= Unbundled access =

Form of economic liberalisation

Unbundled access is an often practiced form of regulation during liberalization, where new entrants of the market (challengers) are offered access to facilities of the incumbent that are hard to duplicate (e.g. for technical or business case reasons). Its applications are mostly found in network-oriented industries (like telecommunication, mail and energy) and often concerns the last mile.

Unbundled access is similar to Bit-stream access, where the incumbent provider gives competitive access not to the actual copper wire of the local loop, but to a high-speed ADSL data connection. Both setups ensure competition for the backhaul but leave "last mile" infrastructure the responsibility of the incumbent carrier.

==Telecommunications==

===United States===
In the United States, the Telecommunications Act of 1996 added a number of provisions designed to increase competition. Incumbent local exchange carriers (ILEC), under this law, are required to interconnect with competing telecommunications carriers, allowing access to individual elements of the ILEC's own network on an unbundled basis. The Telecommunications Act of 1996 provided three ways for companies to enter the new competitive telecommunications market: facilities systems, unbundled access, and resale networks.

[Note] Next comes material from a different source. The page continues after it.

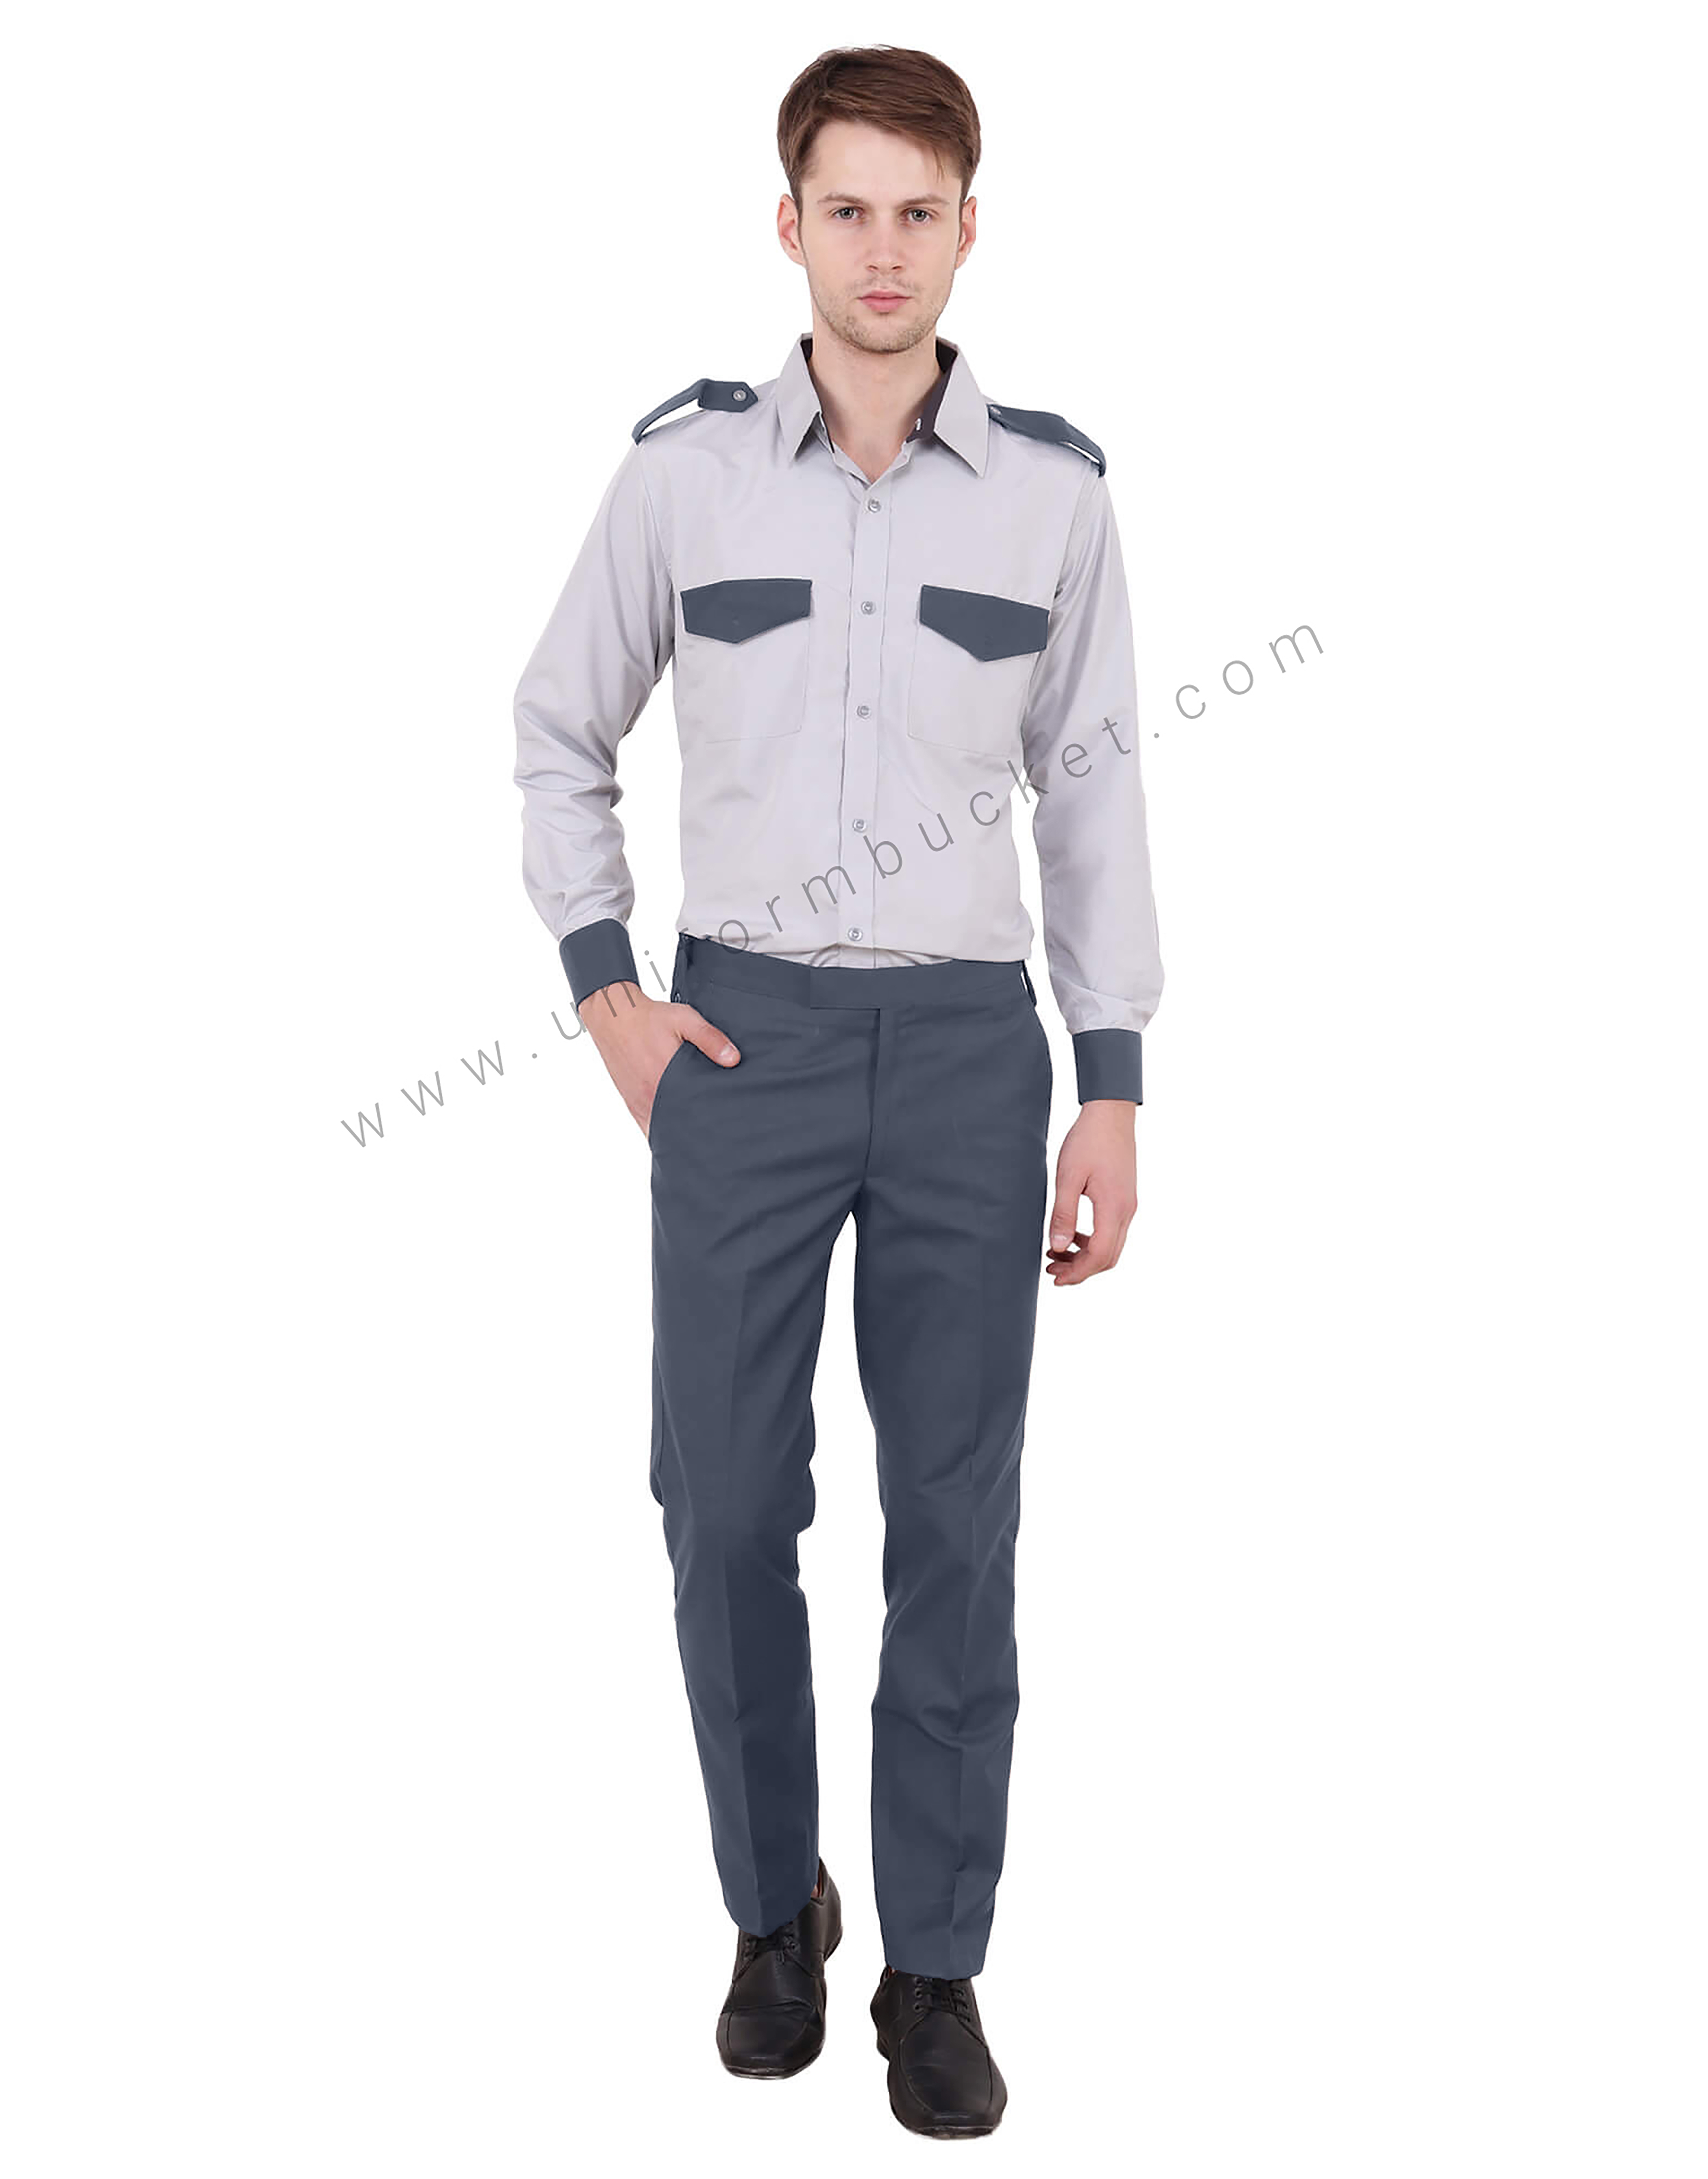 Grey Security Guard Shirt For Men

Unbundled access is defined as "The duty to provide, to any requesting telecommunications carrier for the provision of a telecommunications service, nondiscriminatory access to network elements on an unbundled basis at any technically feasible point on rates, terms, and conditions that are just, reasonable, and nondiscriminatory in accordance with the terms and conditions of the agreement and the requirements of this section and section 252. An incumbent local exchange carrier shall provide such unbundled network elements in a manner that allows requesting carriers to combine such elements in order to provide such telecommunications service.

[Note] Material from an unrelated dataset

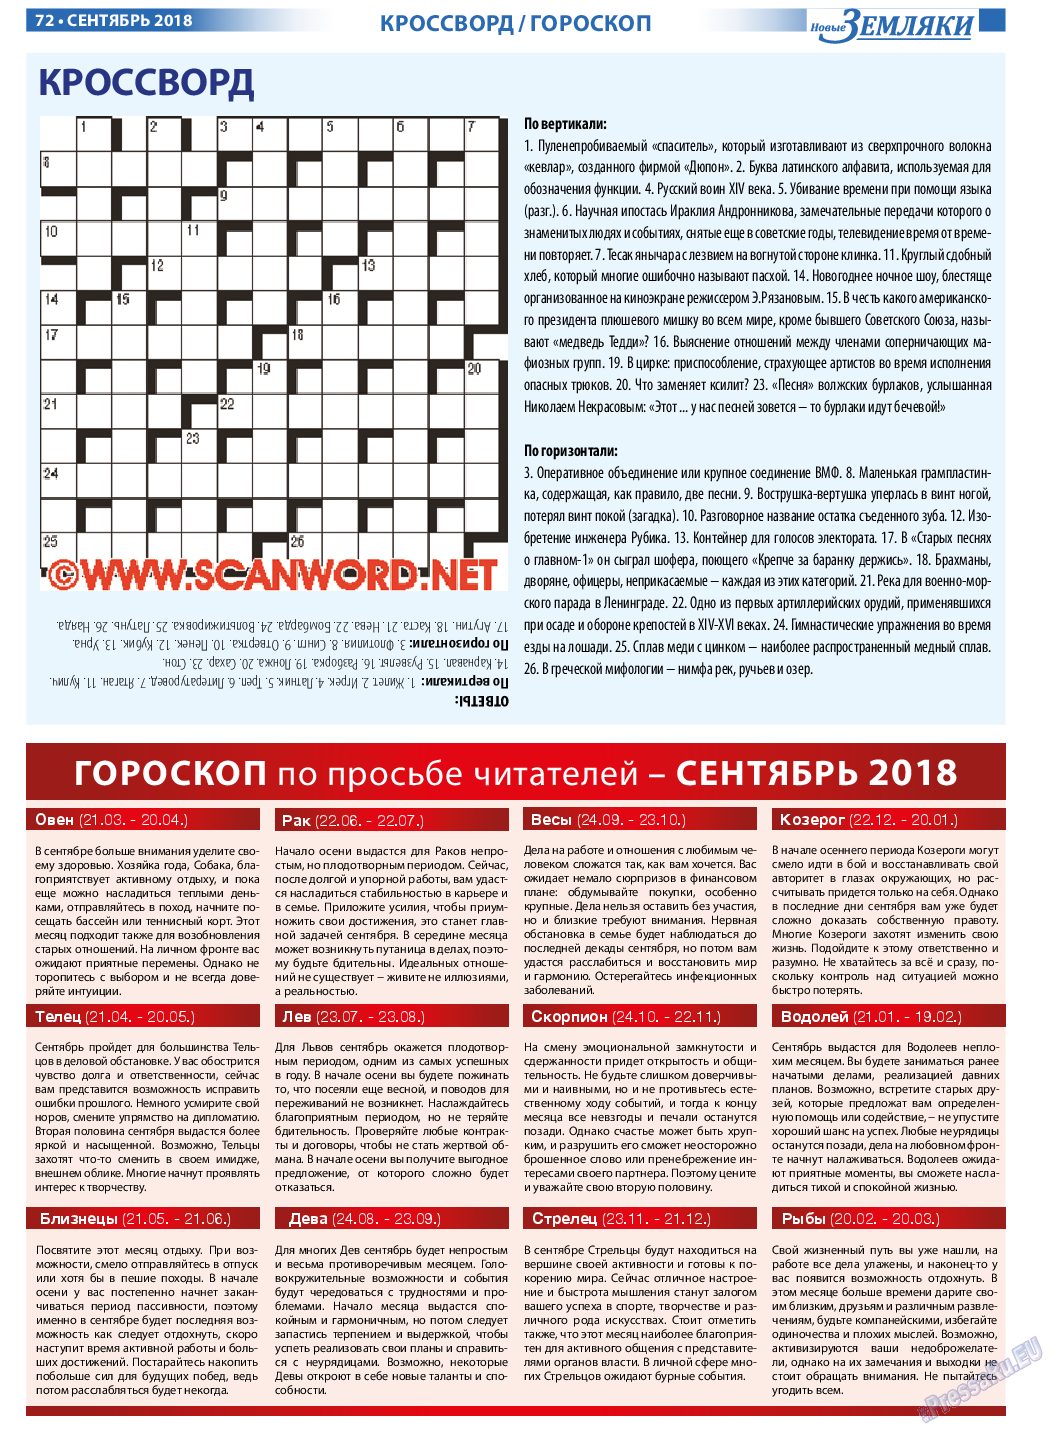 Новые Земляки, газета. 2018 №9 стр.72

In 2005, after much litigation concerning its original unbundling rules, the Federal Communications Commission (FCC) made the decision to limit the number and types of unbundled elements that telecommunications carriers were required to offer competitors under the common carrier laws outlined in 47 U.S.C §§ 251. In particular the FCC removed the requirement for ILECs to unbundle Fiber-to-the–Home, and abolished line sharing as an unbundled element. Additionally, the FCC prohibited access to UNEs for the exclusive service to mobile wireless services and long distance services, and removed unbundled switching from the list of UNEs.

Pricing for unbundled access is regulated by powers granted to a State commission. A just and reasonable rate is determined on a nondiscriminatory basis and is based on cost of providing the interconnection or unbundled network element. Provisions in the legislation also allow for these pricing structures to include a reasonable profit for the provider. The failure to determine a just and reasonable rate would mean that the incumbent LEC would be unable to recover and receive a reasonable return on its costs, effectively making the incumbent LEC's shareholders subsidize entering competitors.

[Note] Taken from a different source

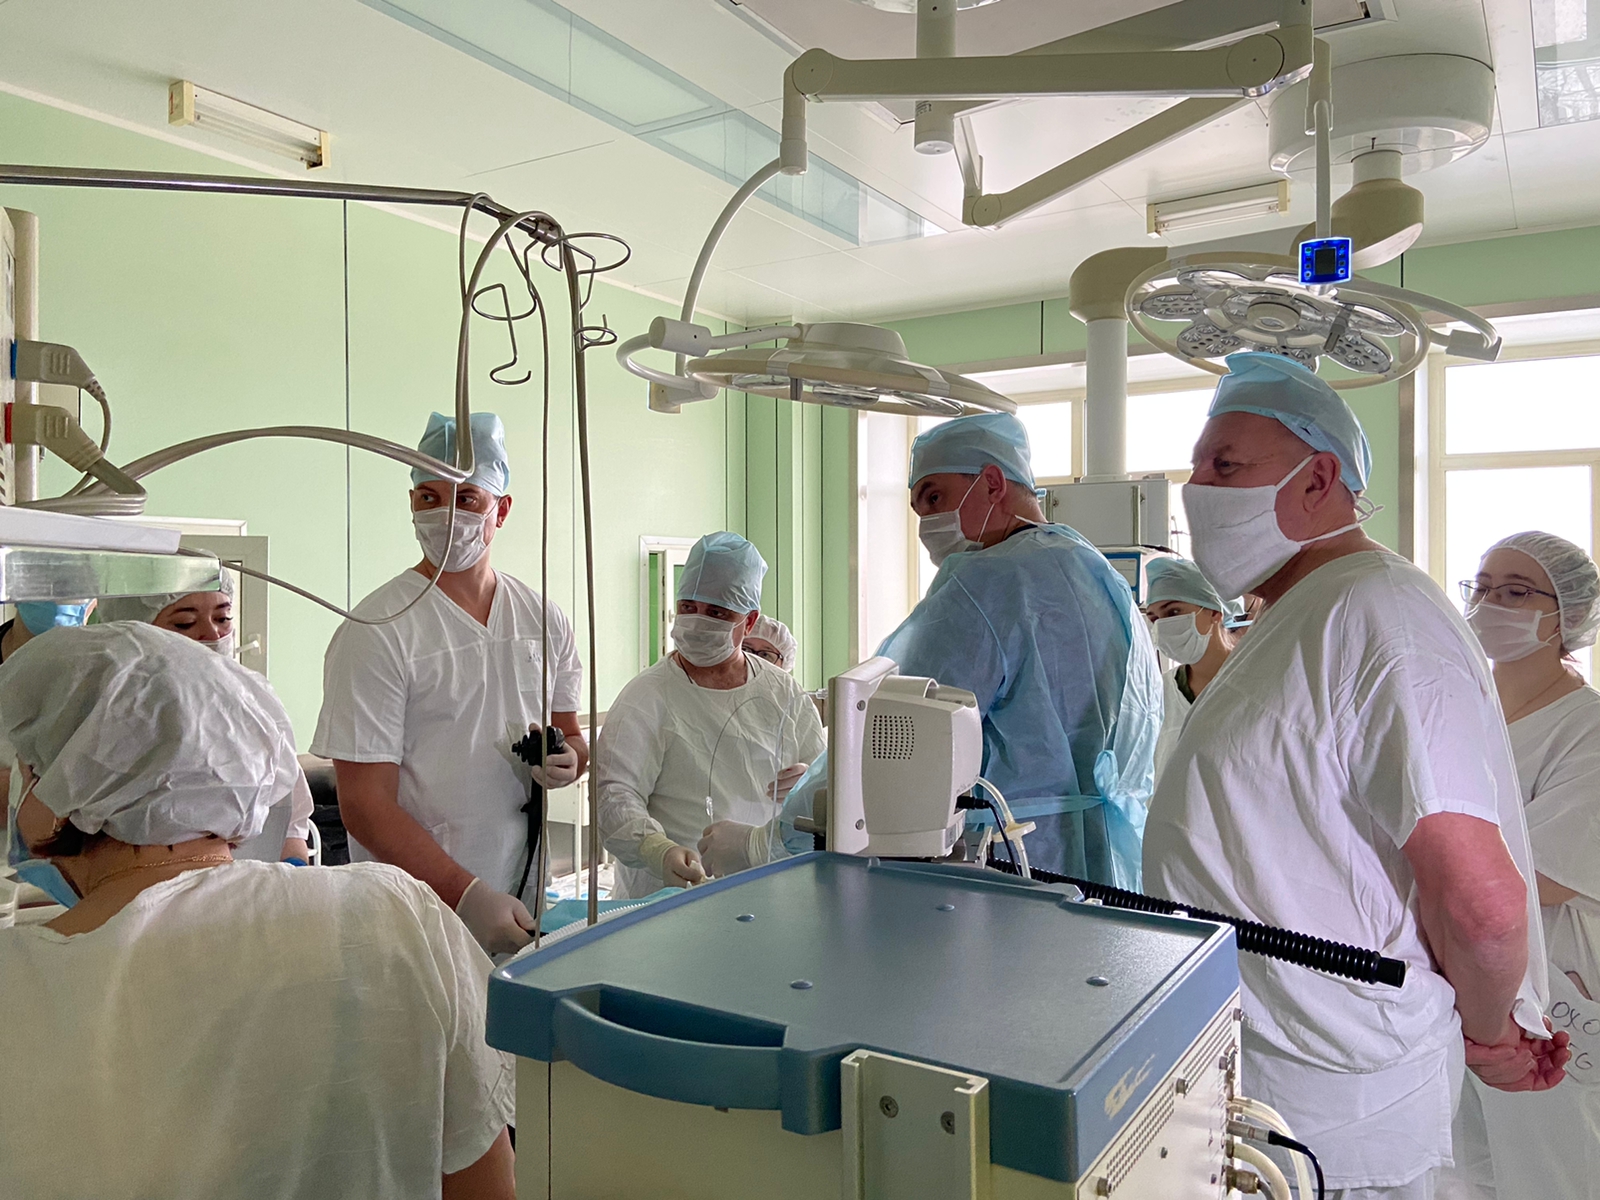 Ярославские детские хирурги провели первую операцию по установке гастростомы в желудок

This option allows companies, such as cable television, wireless providers, and electric/gas utilities, who already have customers, installation and maintenance crews, and billing systems, to lease the network elements they are missing, such as voice switches or electronic ordering systems, to complete their local telephone system. The 1996 Act, thus mandates that the traditional vertical hierarchy of the telephone industry be divided into parts, known as Unbundled Network Elements (UNE), so that competitive new entrants can choose what they need to provide competitive local telecommunications service.

==Mail==
In the United Kingdom, Downstream access (DSA) was first introduced in 2003. Mail which has been collected, sorted and distributed by a competitor (challenger), but is handed over to Royal Mail for delivery (the last mile). The ability to utilise the Royal Mail network in this way ended a 350-year monopoly.

==Energy==
In many countries, during the liberalization of the energy market, independent Transmission system operator (in the US Independent system operators) were formed.